- **TO DO**
Would you reproduce the whole listing exactly, dropping any pictures it holds?

- **MATERIAL PROVIDED**
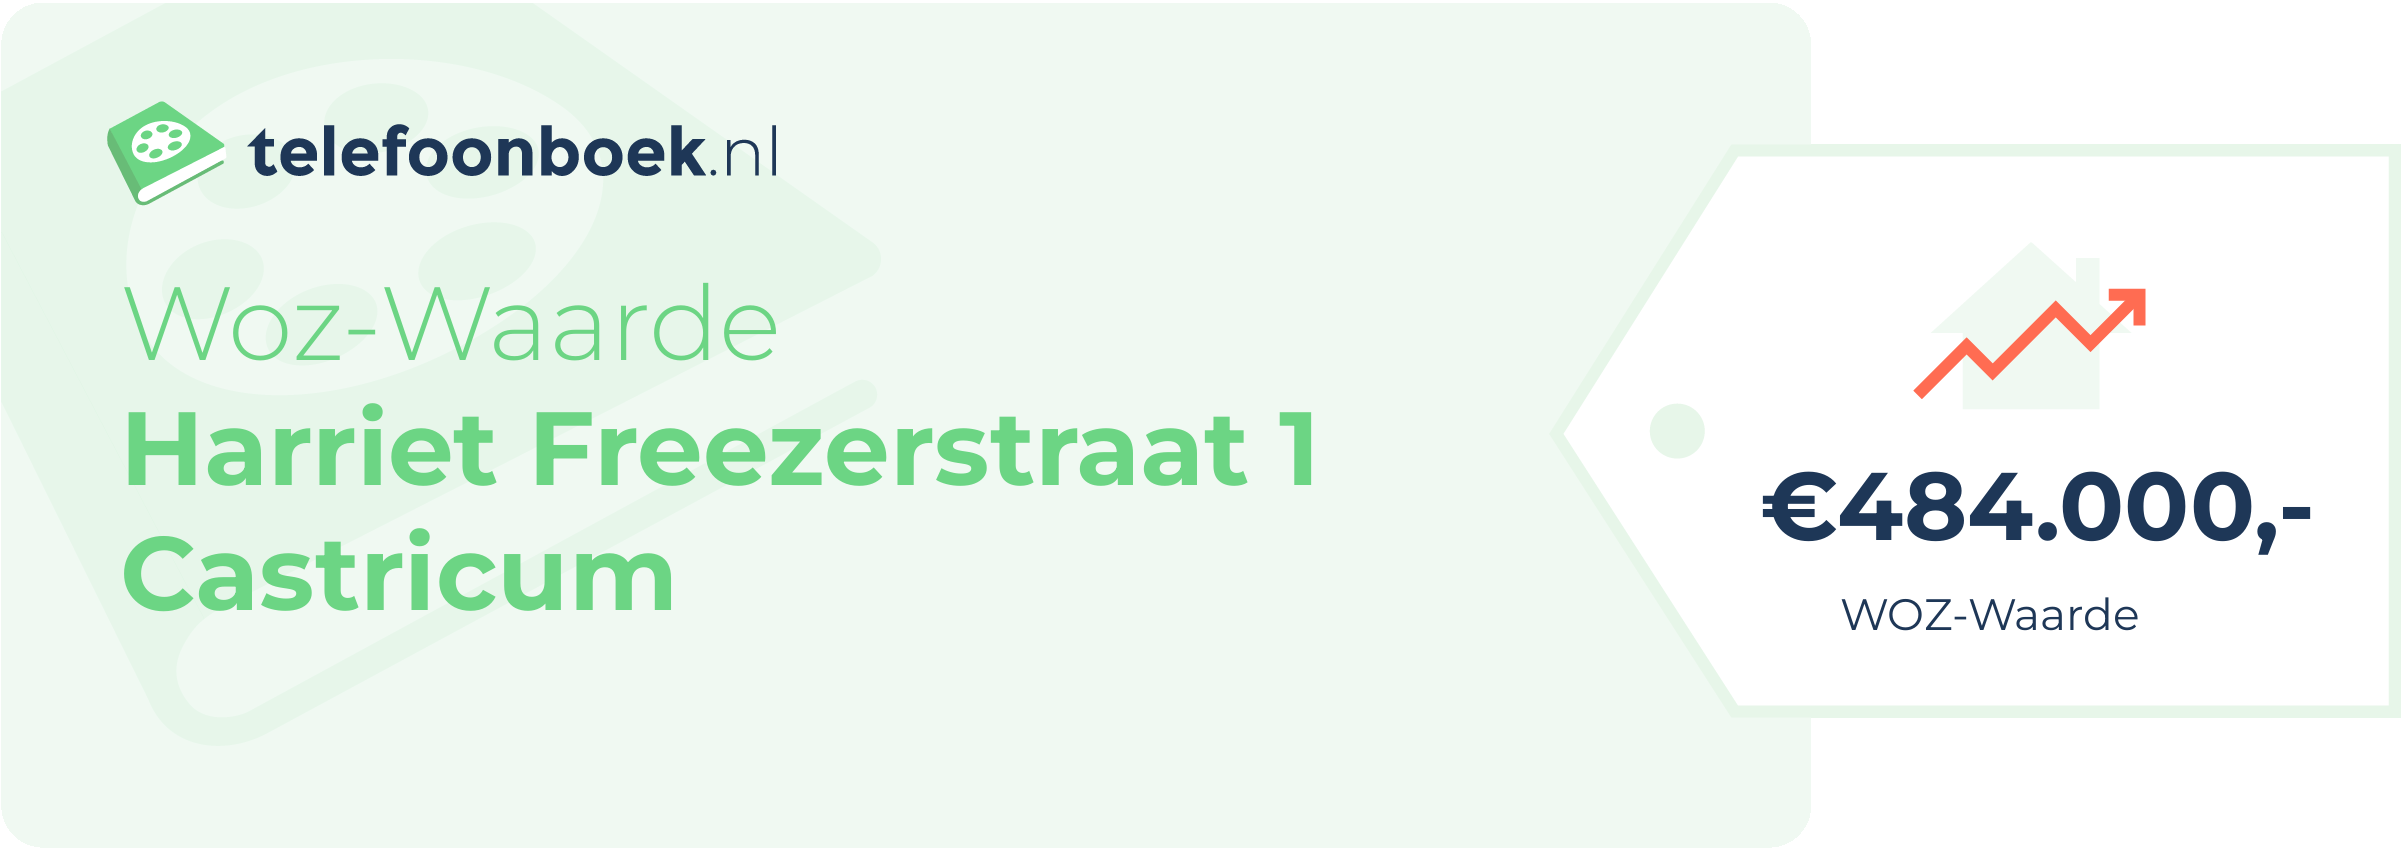 WOZ-waarde Harriet Freezerstraat 1 Castricum
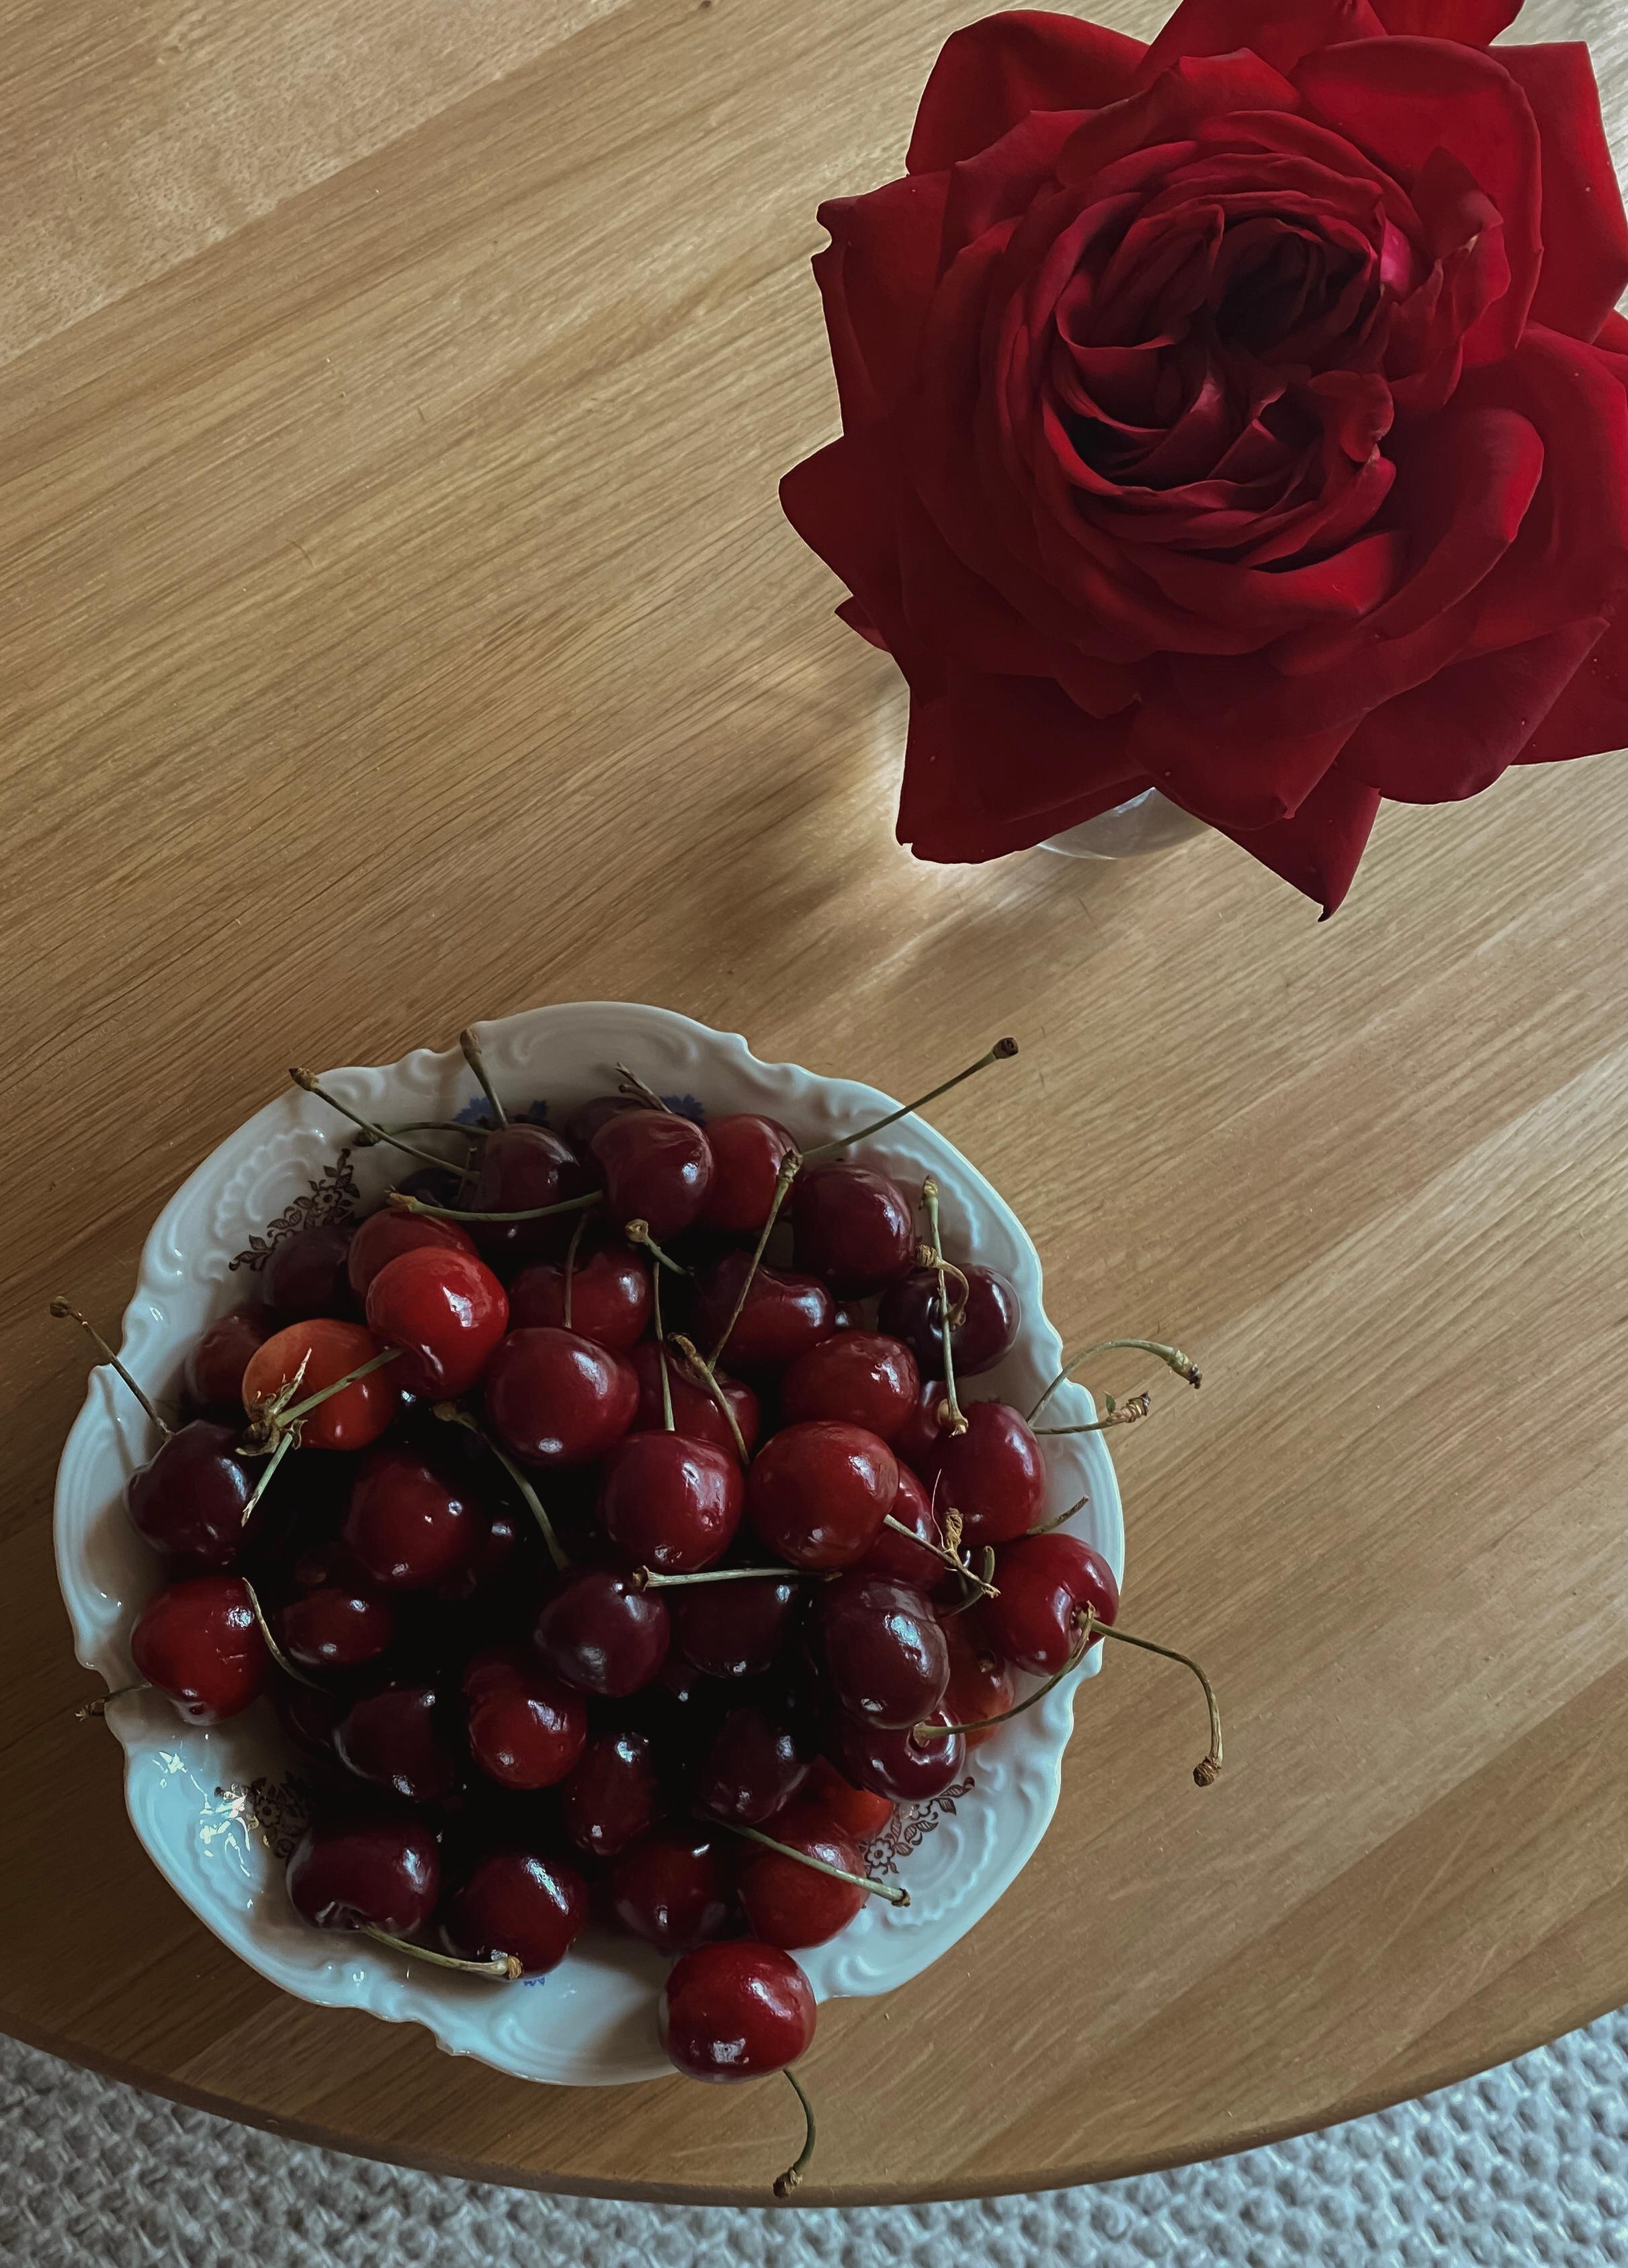 Cherry Cherry Lady 🍒🥀🧸♥️

#sundays #details #cherries #kirschenpflücken #rosesarered #slowliving #interior

- **SOLUTION FOR THIS EXERCISE**
 WOZ-waarde Harriet Freezerstraat 1 Castricum
 Cherry Cherry Lady 🍒🥀🧸♥️

#sundays #details #cherries #kirschenpflücken #rosesarered #slowliving #interior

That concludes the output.